Ch7 Multiple Regression Analysis with Qualitative Information

A Single Dummy Independent Variable

  • We often capture binary information by defining binary variable or a zero-one variable.$$\text { female }= \begin{cases}0, & \text { if the individual is man } \\ 1, & \text { if the individual is woman }\end{cases}$$

  • zero-one leads to natural interpretations of the regression parameters

  • 假设 $$\text { wage }=\beta_0+\delta_0 \text { female }+u$$

  • If we estimate the model using OLS$$\begin{aligned}
    & \hat{\beta_0}=\overline{w a g e_{m e n}} \\
    & \hat{\delta_0}=\overline{w a g e_{women}}-\overline{w a g e_{m e n}}\end{aligned}$$

  • If we regress $y$ on a dummy variable $x$, then the OLS estimate of the intercept represents the sample average of $y$ when $x=0$, the OLS estimate of the slope coefficient represents the difference between the sample average of $y$ when $x=1$ and $x=0$.

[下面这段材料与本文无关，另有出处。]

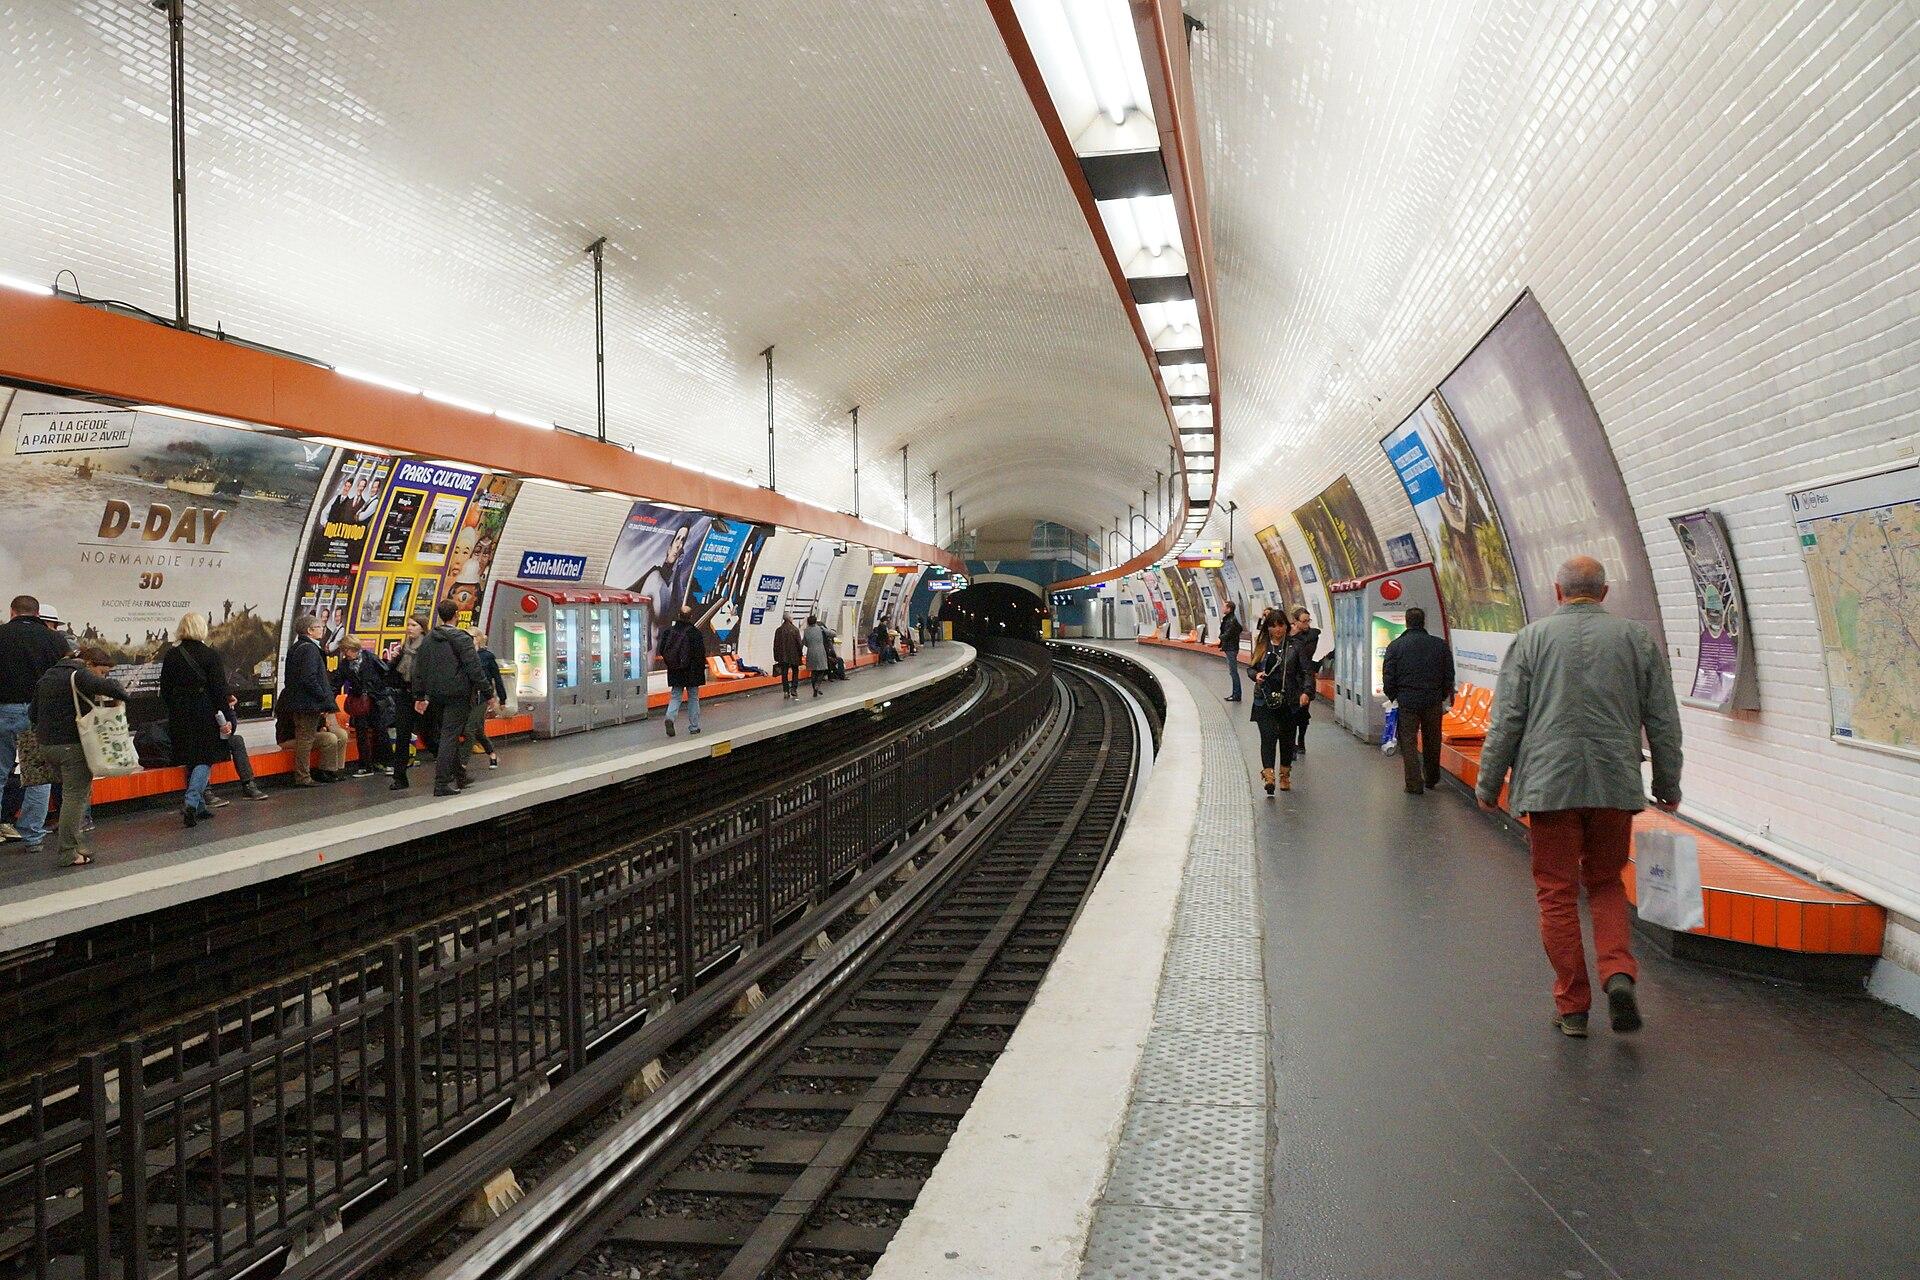 Saint michel m tro paris wikipedia - Metro saint michel paris ...

  • 当增加变量时,例如 $$w a g e=\beta_0+\delta_0 \text { female }+\beta_1 e d u c+u$$

  • $δ_0$ is the difference in hourly wage between women and men, given the same amount of education.

线性相关

  • $wage=\beta_0 + \beta_1female+u$ 是可以的
    • 选定了 male 作为 baseline group
  • $wage=\beta_0 male + \beta_1female+u$ 是可以的
  • $wage=\beta_0+\beta_1 male + \beta_2female+u$ 是不行的

Without intercept

  • $wage=\beta_0 male + \beta_1female+u$ 没有截距,在解释和计算检验的时候不方便,并且 $R^2$ 可能是负的。
  • In general, if there is no intercept in the regression model, the $R^2$ could be negative.
  • To address the issue, some researchers use the uncentered R-squared when there is no intercept in the model$$R_0^2=1-\frac{S S R}{S S T_0},$$where $S S T_0=\sum_{i=1}^N y_i^2$.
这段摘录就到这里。